Maynard grew a trifle restive under the searching gaze of the Philosopher’s eyes seen through rather unbecoming spectacles.
“It’s all very well to talk!” he grumbled. “Who’s to marry the girl? There’s nobody in this village to suit her. They’re all ‘butchers and bakers and candlestick-makers’ here—very small tradesmen all round. There’s the county Squire—he’s a widower with an idiot son who had to be put away in an asylum—and there’s a miserable little curate with a chronic cough. Of course there are a lot of wounded chaps at the Hospital,—mostly Tommies—I don’t think she’s likely to fancy one of them—”
“What about old John Durham?” suddenly suggested the Philosopher, the corners of his moustache going up in a little quizzical smile.
“Old John Durham!” exclaimed Maynard. “Why he might be her grandfather! Now if you had said young John Durham,—Jack—there might be something in it—though he was always a silly ass—but he’s gone—‘missing,’ they say—”
“Dead without a doubt,” said the Philosopher, pleasantly. “Killed in Flanders, quite needlessly. He was not called upon to fight at all—but being an American he was bound to indulge in a bit of braggadocio and offer to do battle for the ‘old country,’ and he’s had his way. It has struck me that his father, being left solitary, might think of marrying again. Rumour says he is a wealthy man—and Sylvia is a little creature who is accustomed to comfort, not to say luxury—”

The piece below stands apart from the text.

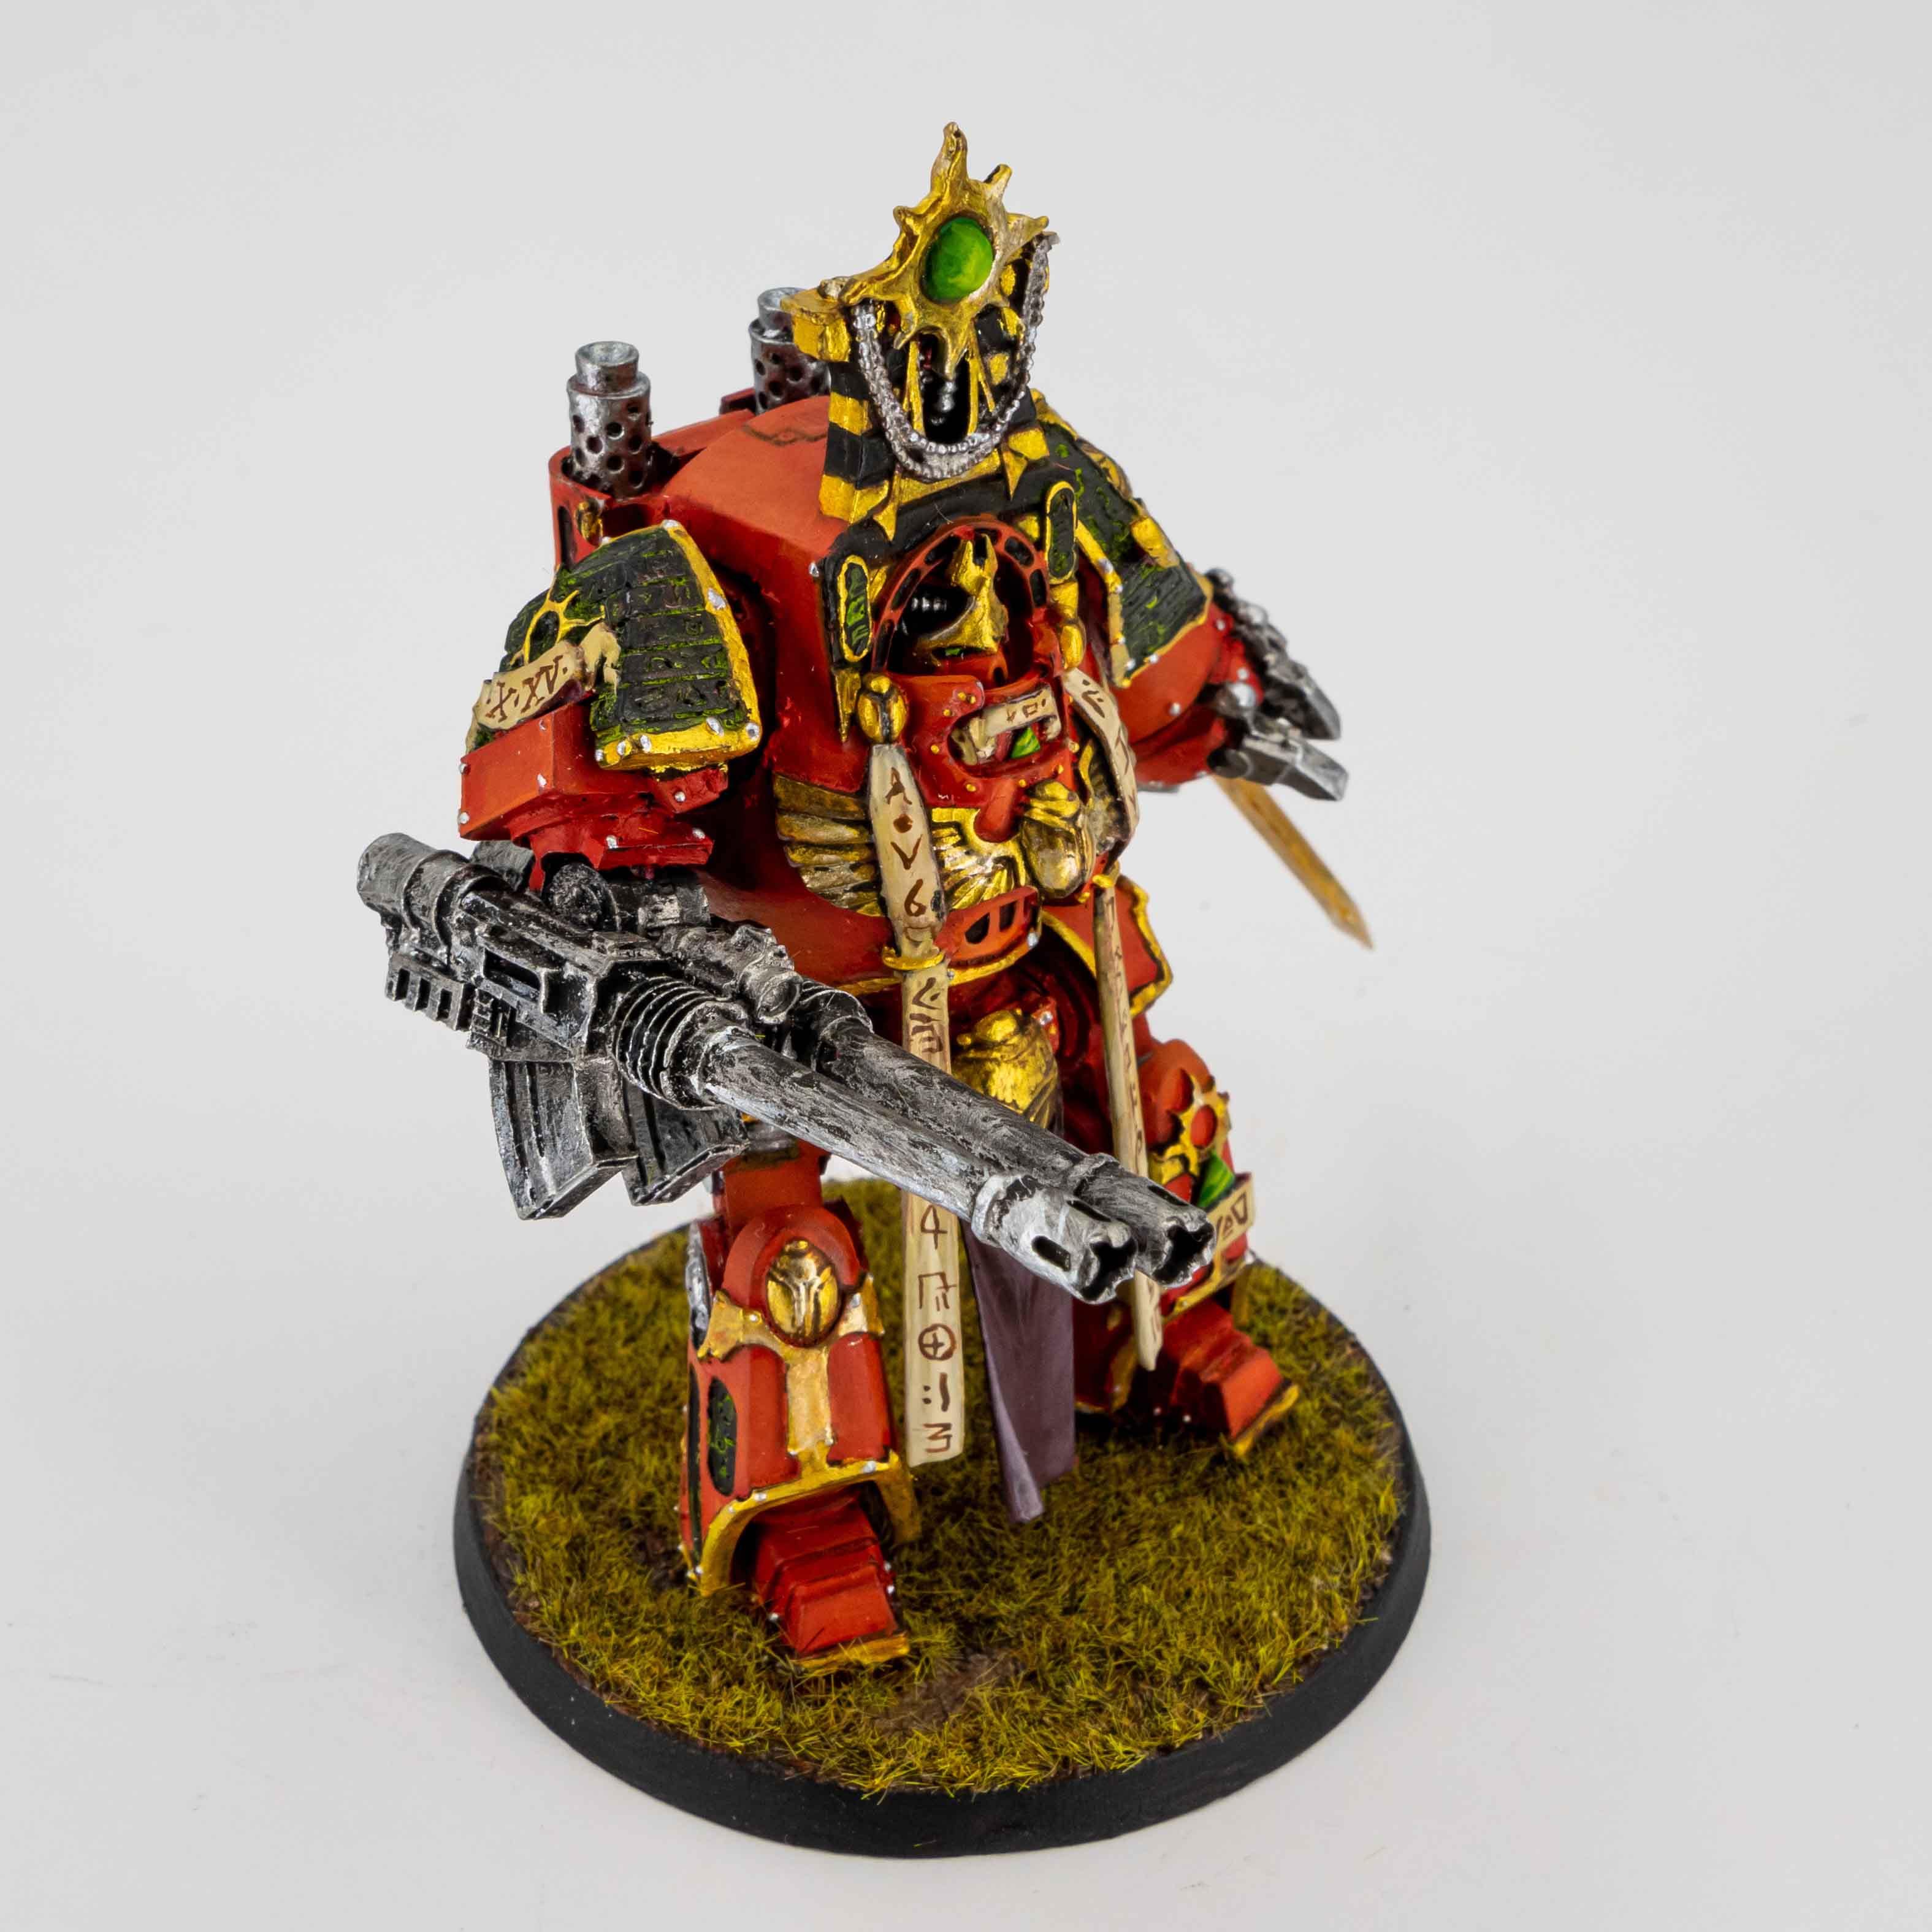 Thousand Sons Dreadnought by ElCasiegno on DeviantArt

“Of course she is!” and Dr. Maynard got flushed and excited. “Why shouldn’t she be? She’s always had plenty of money—she’ll always have it! She’s not obliged to marry an old sallow face like Durham to live like a princess if she wants to! God bless my soul, Craig—what are you driving at?”
The Philosopher smiled soothingly.
“My dear fellow, don’t lose your self-control over a trifling suggestion! All I have said is in the way of friendship and—and admiration for your young daughter. I think it would be very sad for her if at some time or other—far distant let us hope!—she were left alone in the world—even with plenty of money—having no one to advise her or to guard her interests. And I repeat that she ought to marry.” Here he paused—then added, “I am very fond of her myself!”

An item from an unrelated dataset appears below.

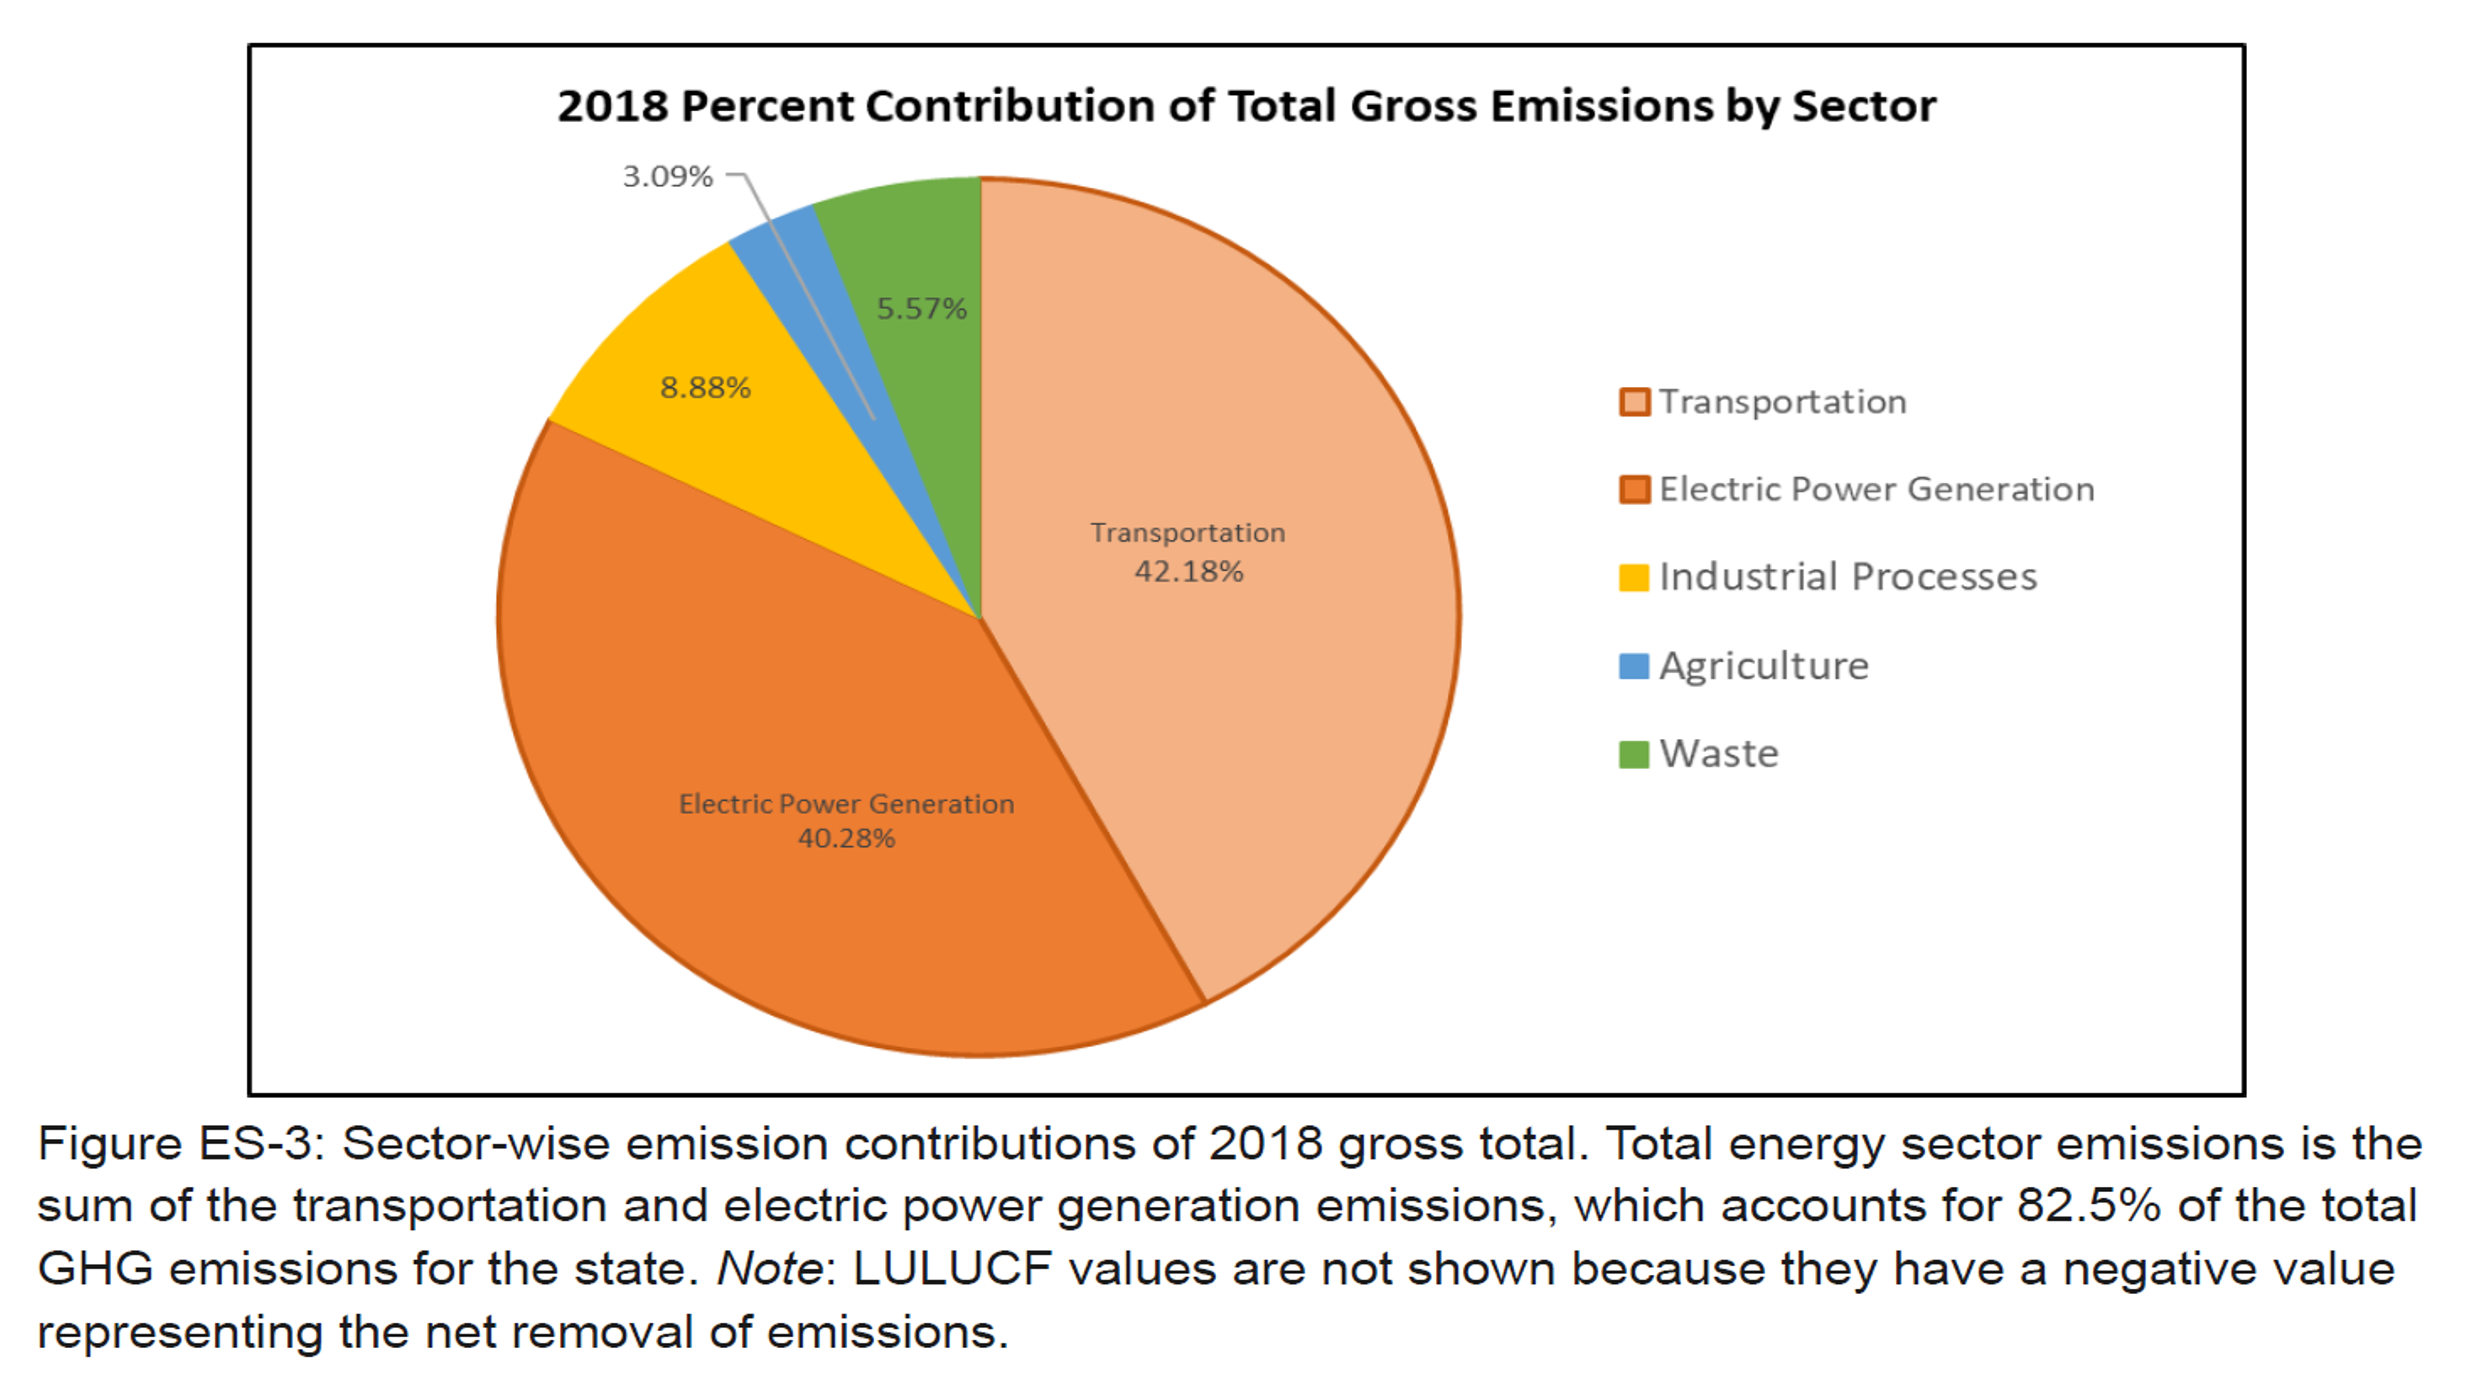 Contribution of Emissions by Sector

Dr. Maynard turned slowly round in his chair and surveyed him with a fixed stare of wonder.
“You?”
The Philosopher did not flinch.
“Yes. I!”
And then the old gentleman began to laugh,—a deep half-suppressed laugh of thorough enjoyment,—a laugh that shook his shoulders and wrinkled up his eyes in all sorts of curious deep furrows.
“May and December!” he chuckled. “Or December and May! She might as well take old Durham and have done with it!”

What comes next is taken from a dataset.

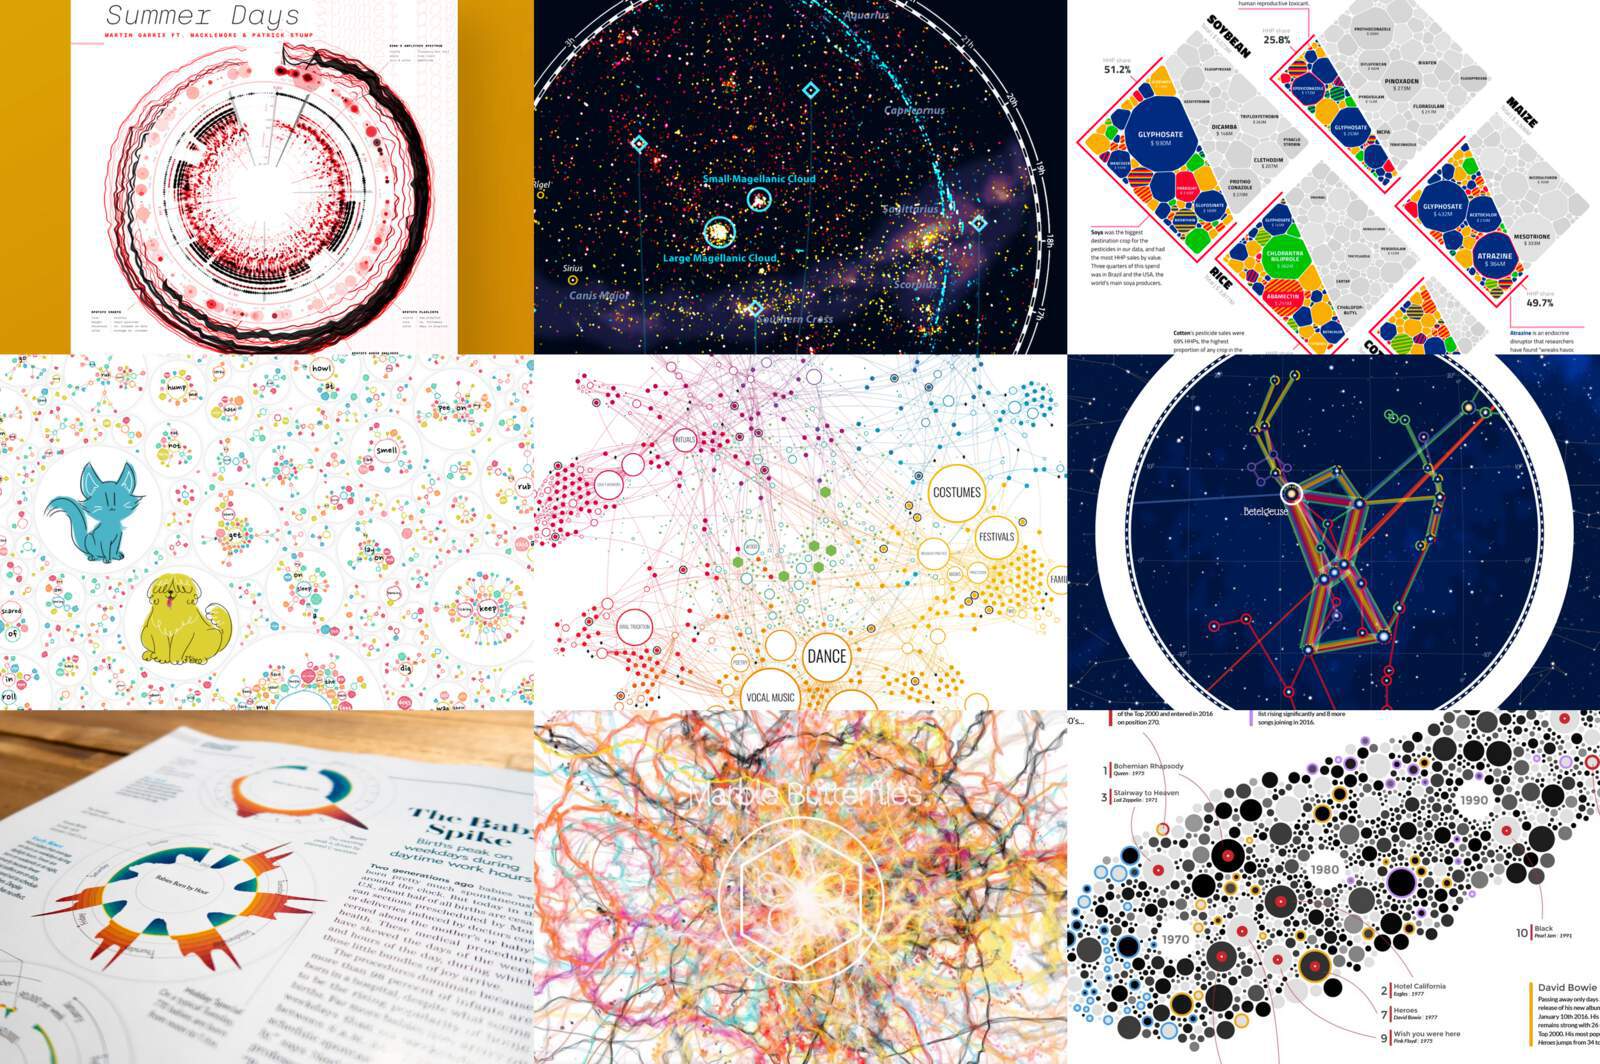 Some of my data visualization projects

The Philosopher maintained equanimity. He smiled,—and as people often noticed, there was something very attractive in his smile,—a flash of youth and humour.
“I think,” he said, mildly, “you would find Sylvia likely to prefer me to old Durham. I think so!—of course I cannot be sure!”
Dr. Maynard lifted himself in his chair, gripping its sides with both hands, and surveyed his friend and literary coadjutor for a couple of minutes in silence.